The singularity of our study is the medical educational system of our country. No medical school in our country hosts an academic department dedicated to PHC and, as an inevitable consequence, no kind of undergraduate medical education (either as a theoretical course or a clinical attachment) related to this scientific subject is currently available to students. The primary aim of this study was to evaluate how a clinical attachment in a PHC setting benefits the development of medical students’ clinical skills during the second year of medical school, a fact which, although innovative within our academic reality, is not considered out of the ordinary for many other countries and institutions (Campos-Outcalt et al. Citation1995; Nieman et al. Citation2004). In addition, medical students were given the opportunity to have their first contact with clinical practice as seen within the framework of a PHC unit. The results suggest that students improved their clinical skills after the educational intervention and are in accordance with similar studies (Murray et al. Citation1997a; Wade et al. Citation1998). This is the first study which indicates that an introduction to clinical primary care via an early clinical skills attachment, can contribute to a significant improvement at the level of knowledge of those skills during early undergraduate studies in a medical school that lacks a primary care–general practice academic department and of course, any contact with this medical specialty. Such initiatives are already implemented (Carney et al. Citation1999) and it is clearly shown that community-based settings such as primary care offices–as in our case here–performed as well if not better than hospital-based environments.

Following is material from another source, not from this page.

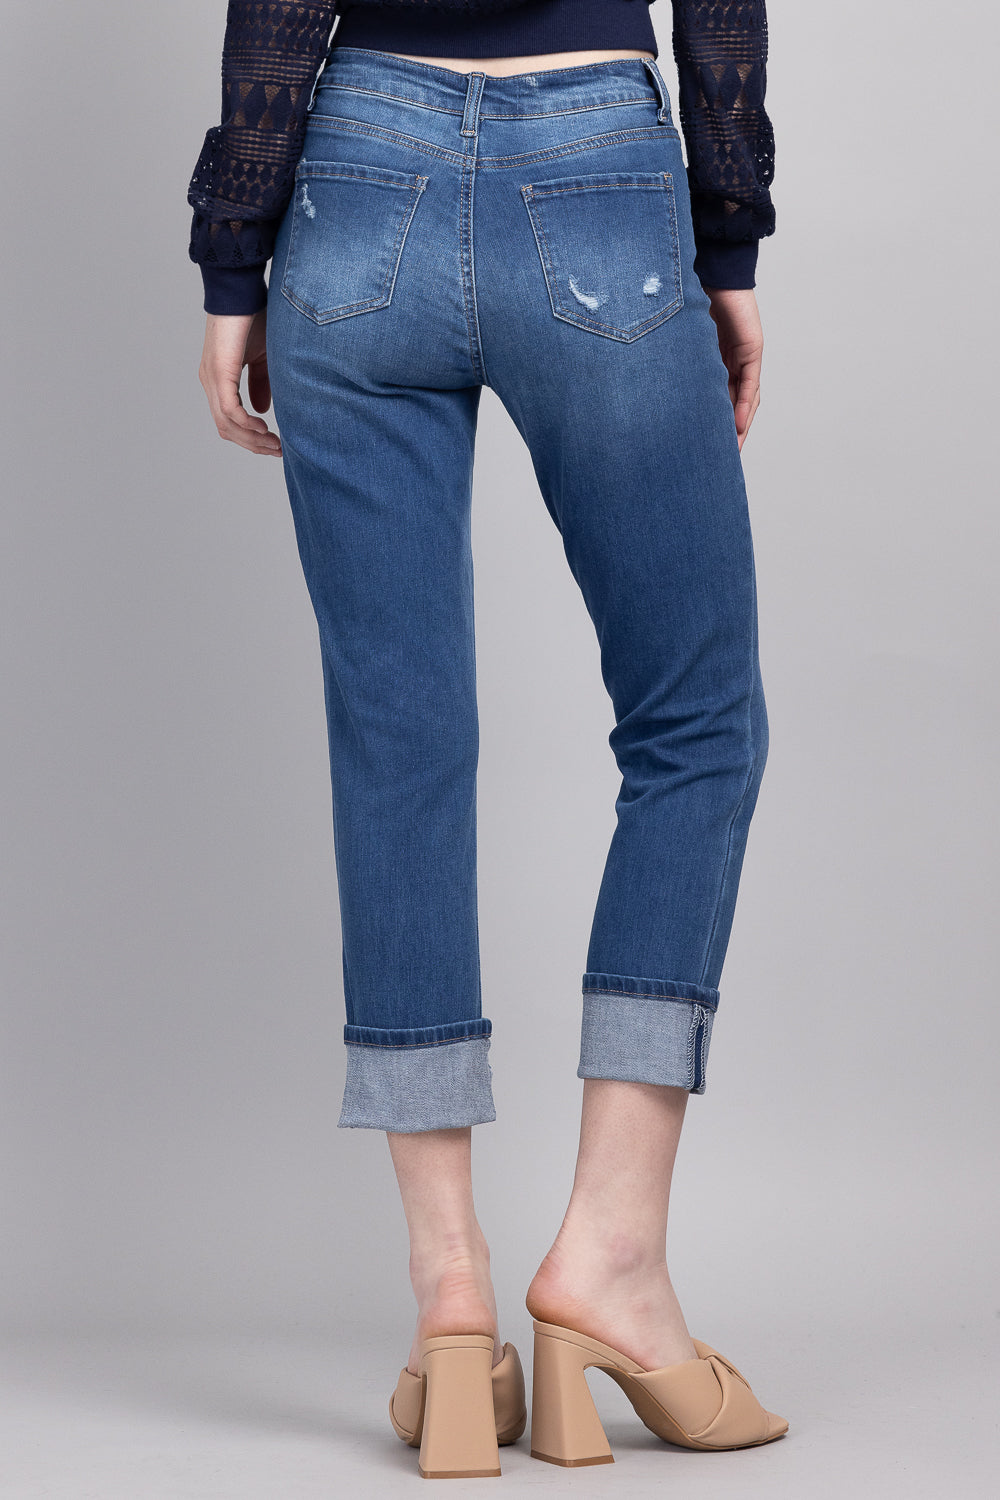 Jeans ajustados cortos de tiro alto con puños anchos

A very encouraging fact which emerged from the results was that, not only did the students improve their clinical skills, but they literally embraced the whole procedure. It should not be forgotten that participation in this attachment was completely voluntary, and that the students also had to sacrifice a remarkable amount of personal time and practically exceed 13–14 hours in educational activities for a whole week period. The response ratio increased from 64.63% in the first year to 93.13% in the second year of the inclusion of the attachment in the curriculum, while the overall impression of the clinical attachment was very positive. This could be attributed to the fact that the students acquired clinical experience for the first time during this attachment and to the enthusiasm that may result from this. The variety of clinical conditions the students encountered might have also contributed to this result, given the ‘hospitalized’ way of medical thinking and educating that dominates the rest of the university curriculum. The achievement of the students’ own goals, which were set by themselves at the beginning of the study, are an added advantage of primary care clinical attachments (Nieman et al. Citation2006) as well as a potential reason for the students’ positive impression of them.

The general practitioners who volunteered their time to teach medical students, although experts in their own subject area, they lacked academic experience, for reasons detailed above. The high ratings they received from the students are certainly a strong incentive for them to continue to participate in this initiative. A secondary goal of this attachment was to familiarize the students with primary care and general practice in general. We think that the results rewarded our work, since a significant change in the likelihood of choosing this medical specialty as a career choice was recorded. This finding agrees with those of other studies on the same subject (Morrison & Murray Citation1996). It seems that this sort of initiative has a greater effect on medical students who have limited knowledge of primary care and how it is applied, as was the case with our sample.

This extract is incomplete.